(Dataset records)
--*--

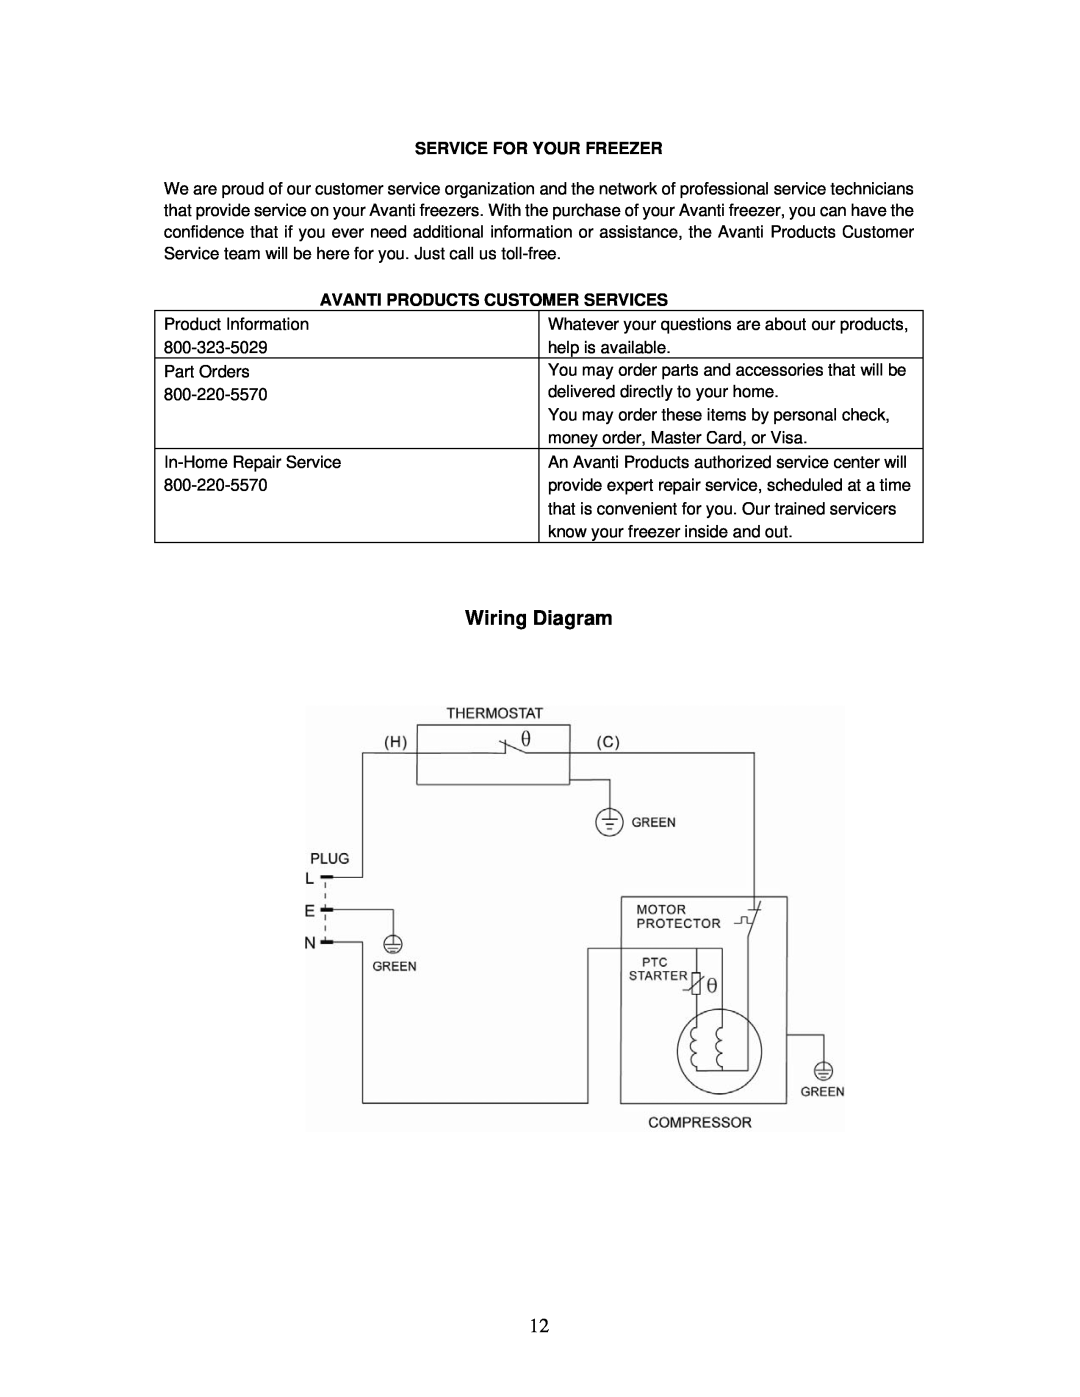 Avanti VM302W-1 instruction manual Wiring Diagram, Service For Your Freezer, Avanti Products Customer Services 
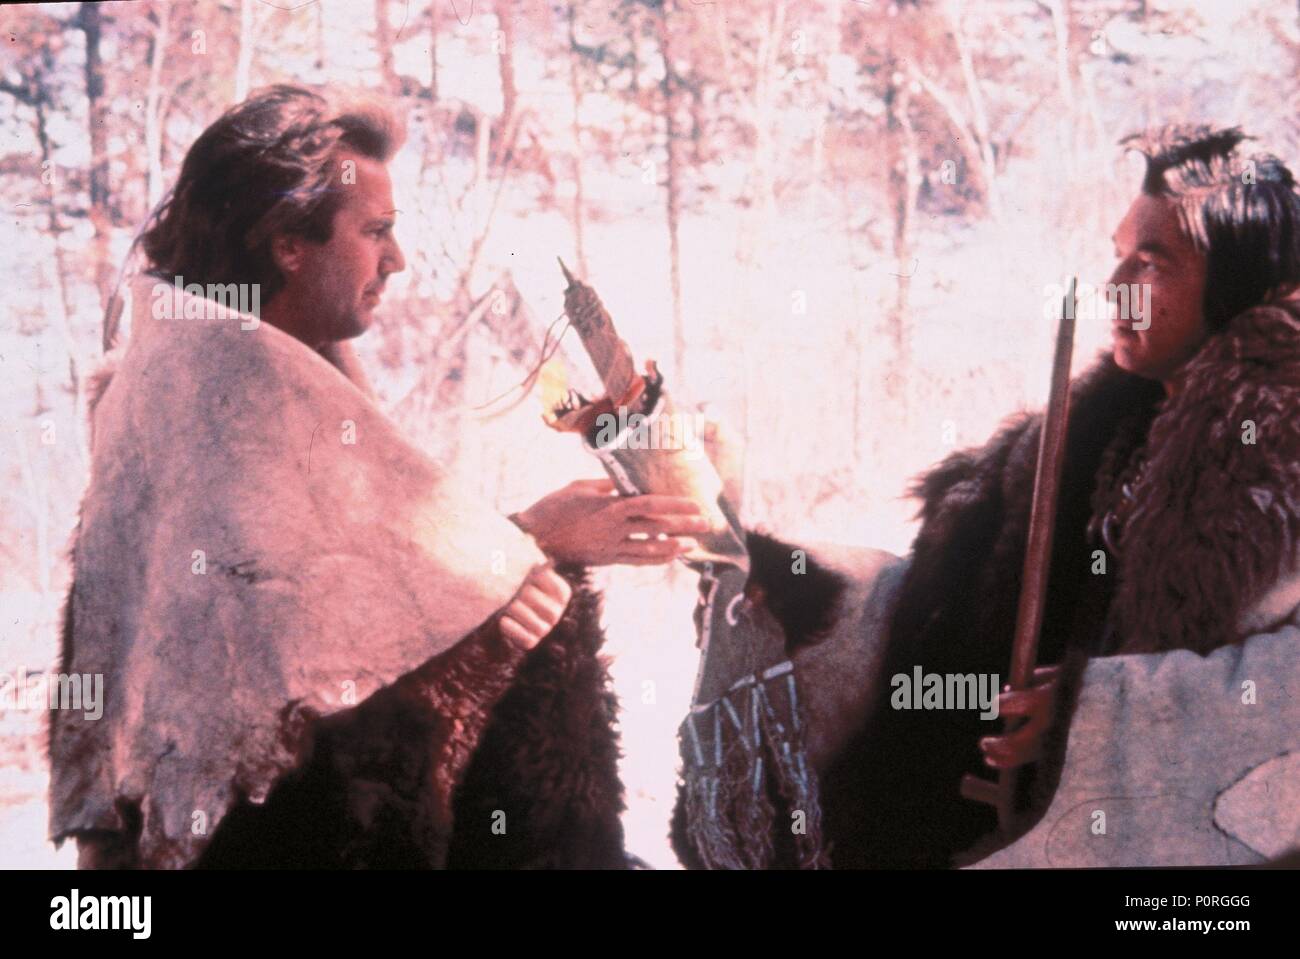 Original Film Title: DANCES WITH WOLVES.  English Title: DANCES WITH WOLVES.  Film Director: KEVIN COSTNER.  Year: 1990.  Stars: KEVIN COSTNER; GRAHAM GREENE. Credit: ORION PICTURES / Album Stock Photo
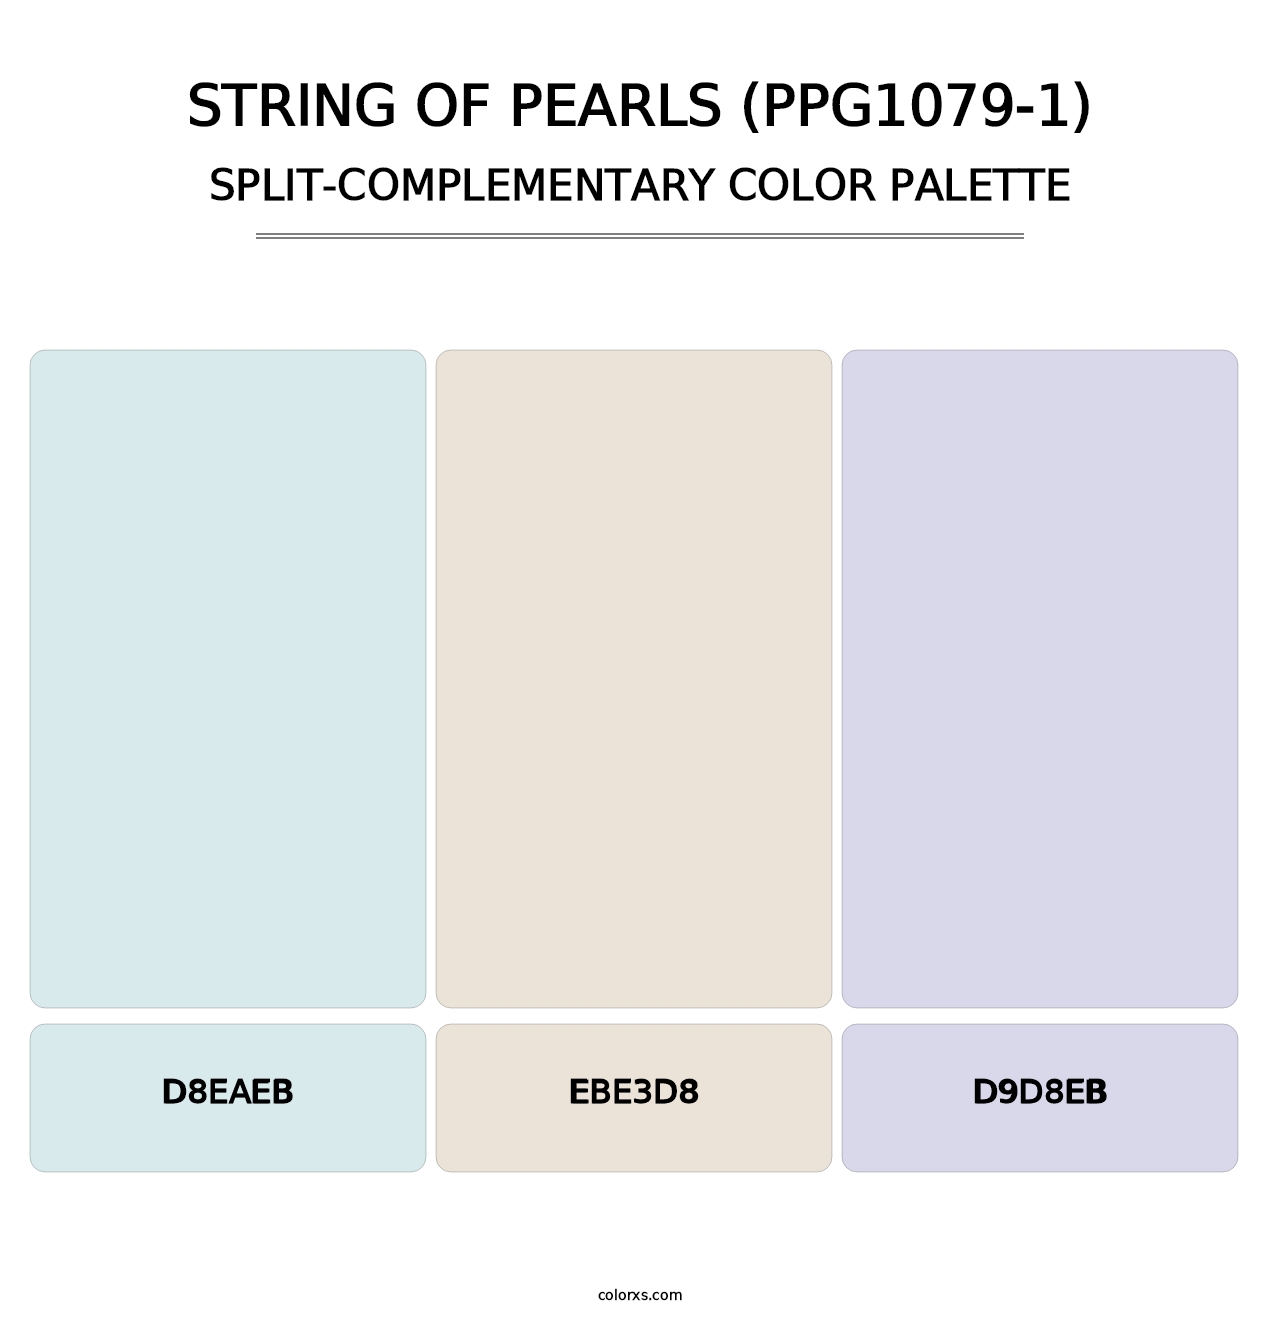 String Of Pearls (PPG1079-1) - Split-Complementary Color Palette
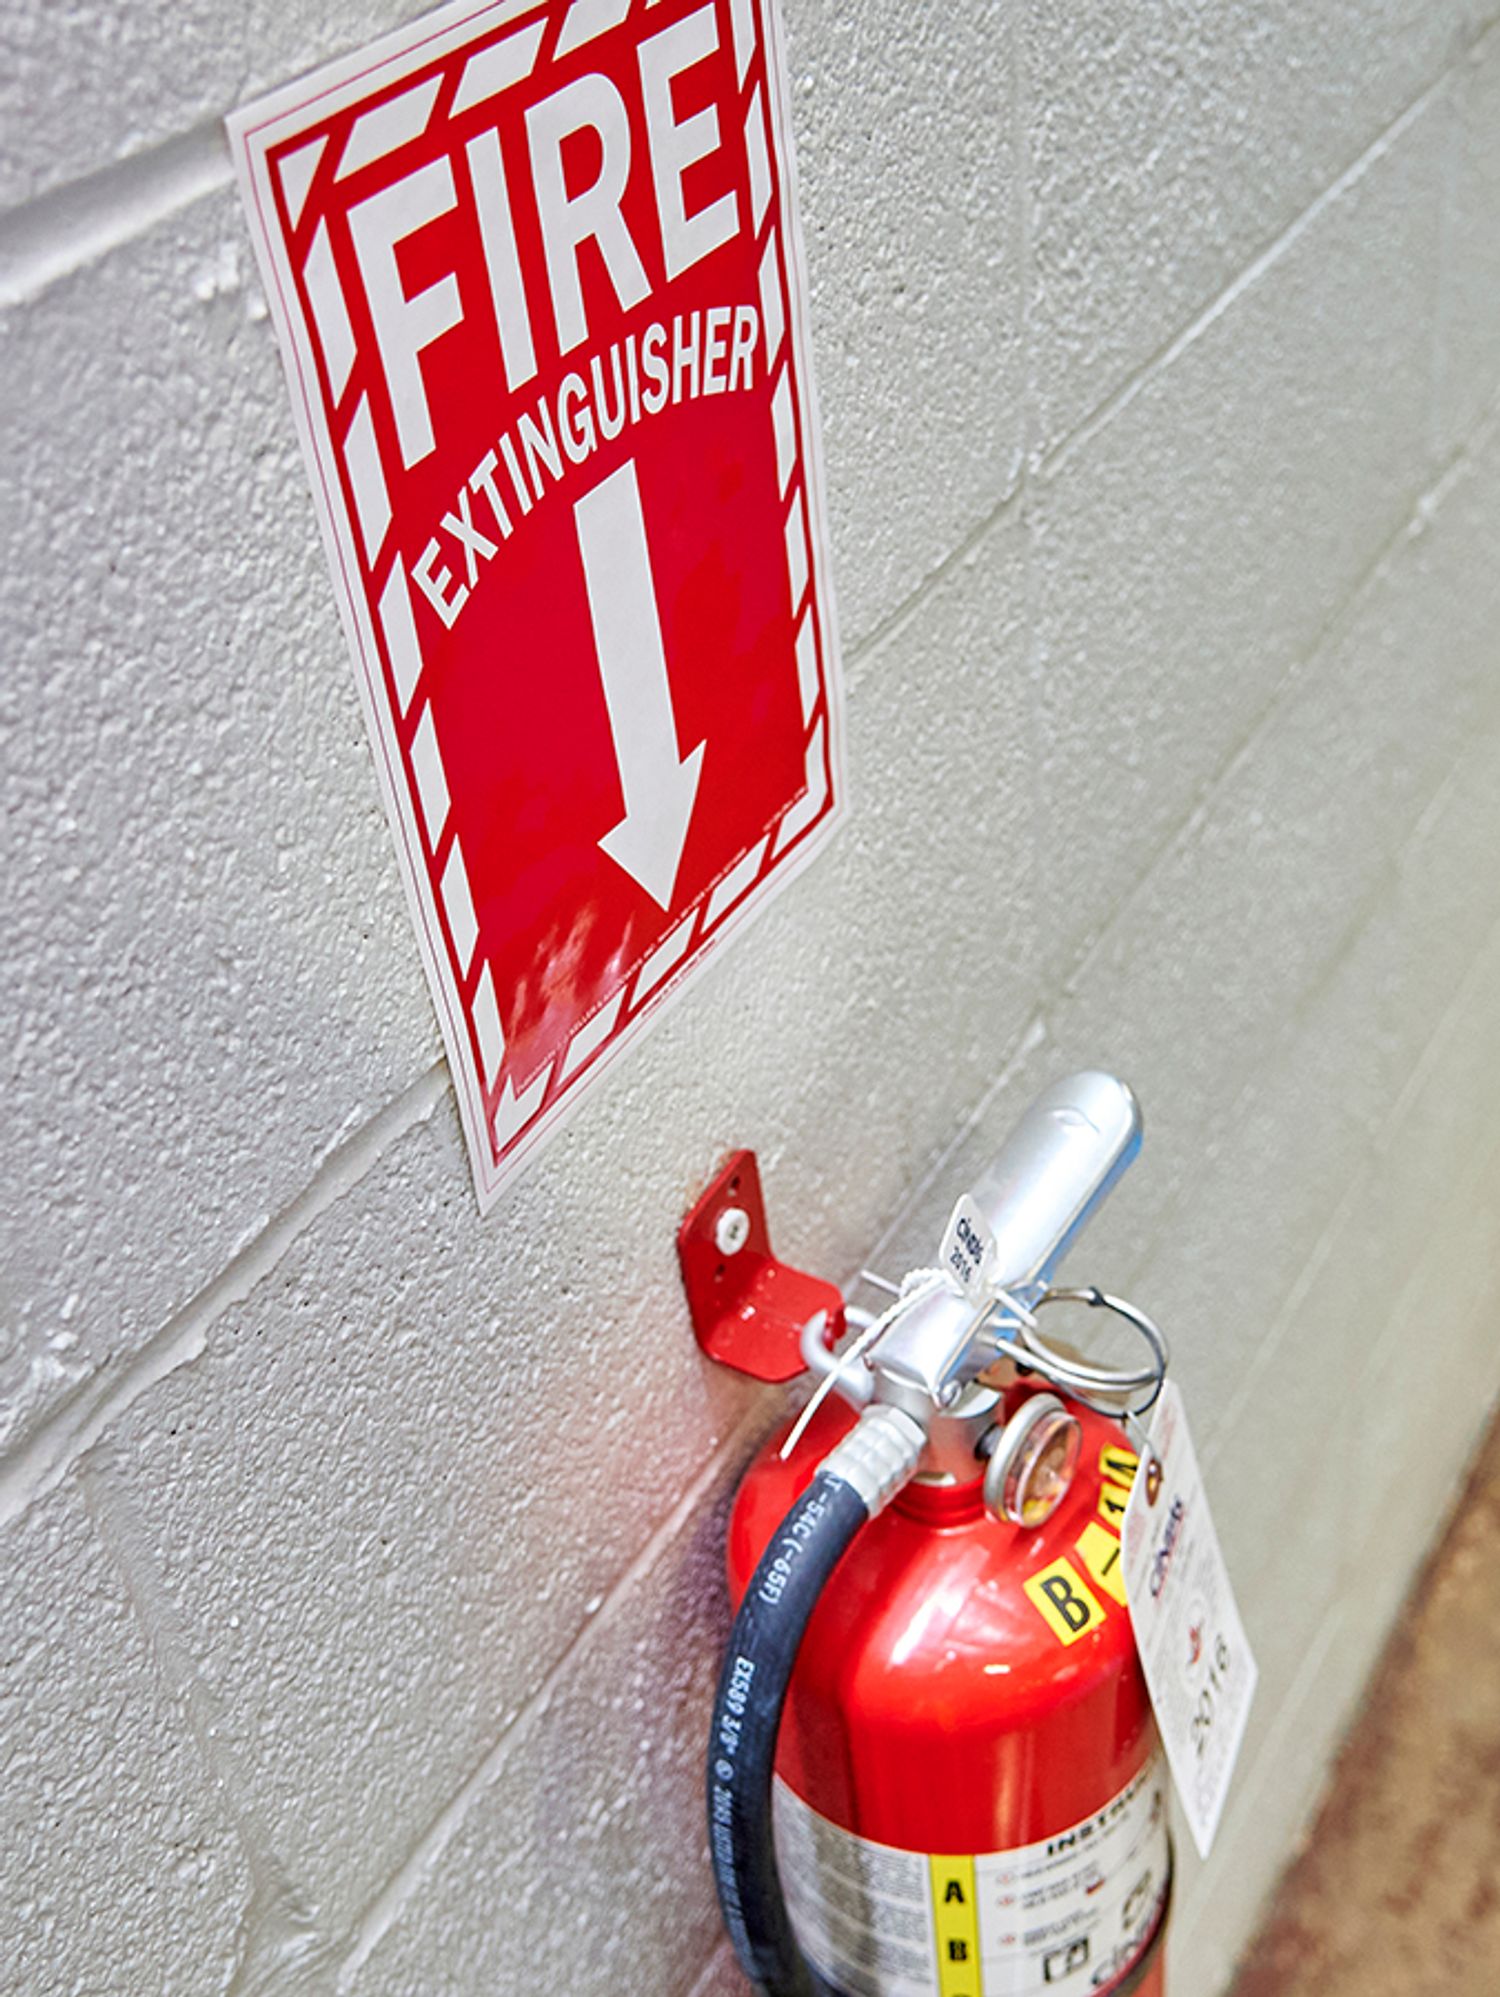 The portable fire extinguisher triad — defining “readibly
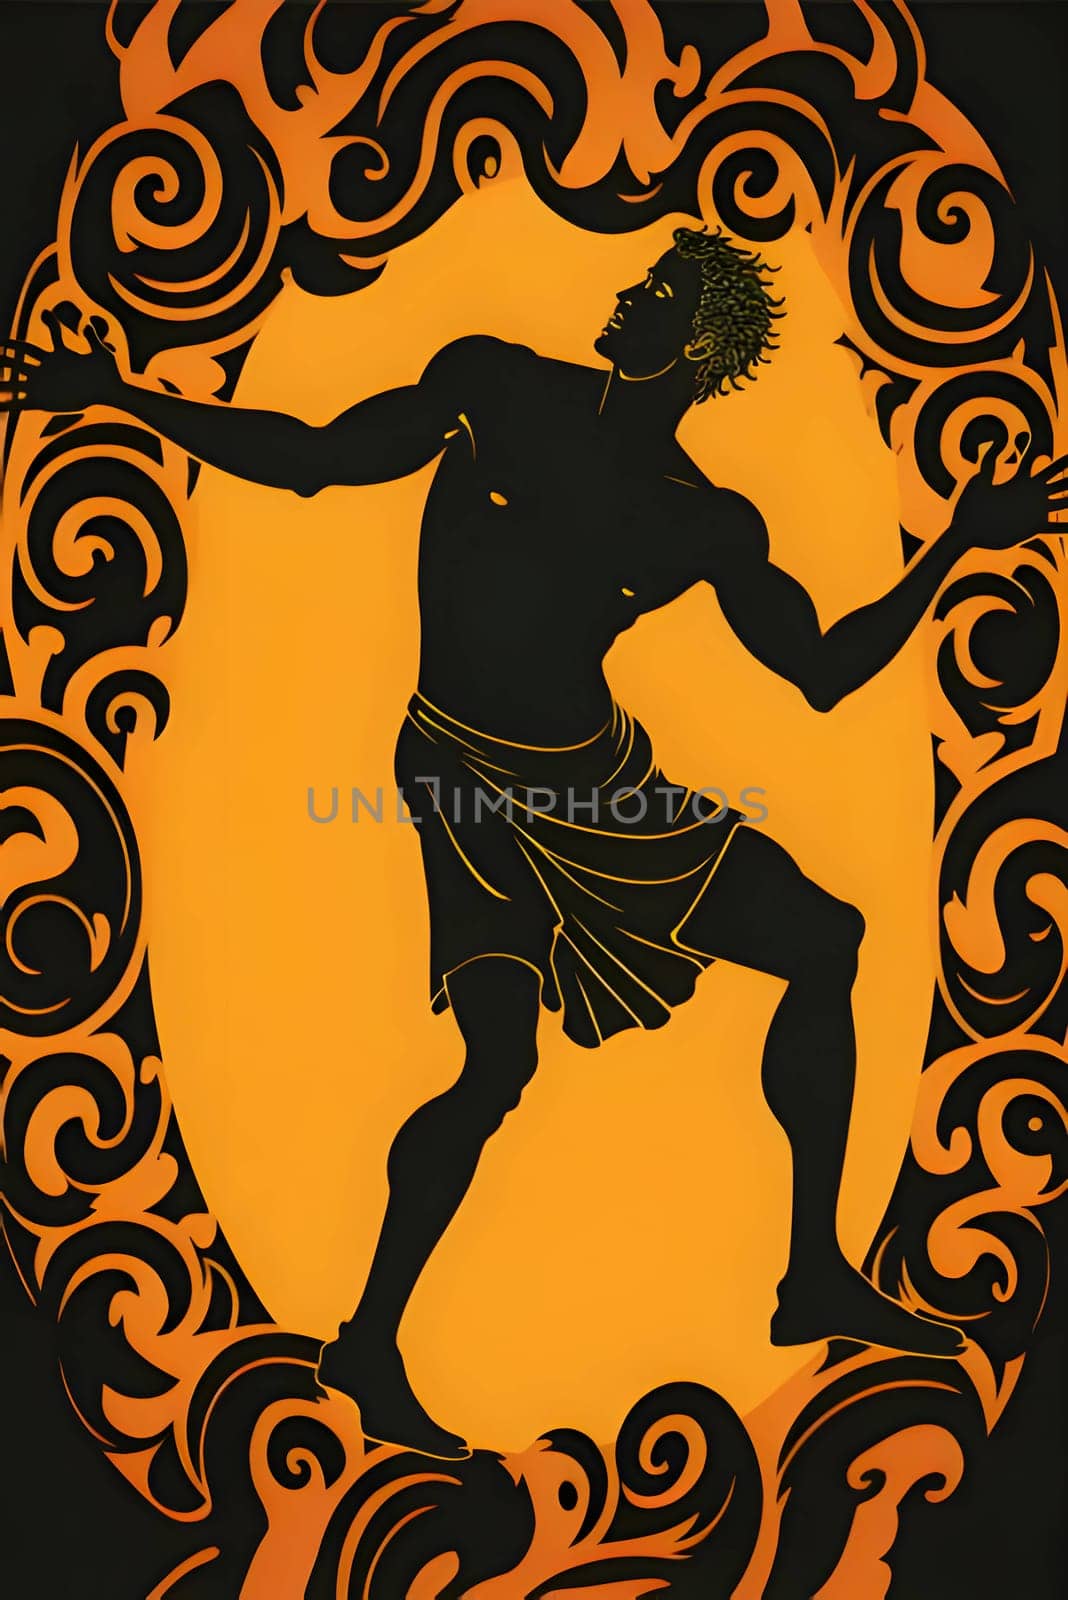 Vector illustration of ancient man in black silhouette against a clean orange background, capturing graceful forms.

--*--

Directions for this task –
Begin at the line containing "Original Film Title: DANCES" and stop at the final line of the data. Retype those lines exactly, without the pictures.

Finished task –
 Original Film Title: DANCES WITH WOLVES.  English Title: DANCES WITH WOLVES.  Film Director: KEVIN COSTNER.  Year: 1990.  Stars: KEVIN COSTNER; GRAHAM GREENE. Credit: ORION PICTURES / Album Stock Photo
 String Of Pearls (PPG1079-1) - Split-Complementary Color Palette
 The portable fire extinguisher triad — defining “readibly
 Vector illustration of ancient man in black silhouette against a clean orange background, capturing graceful forms.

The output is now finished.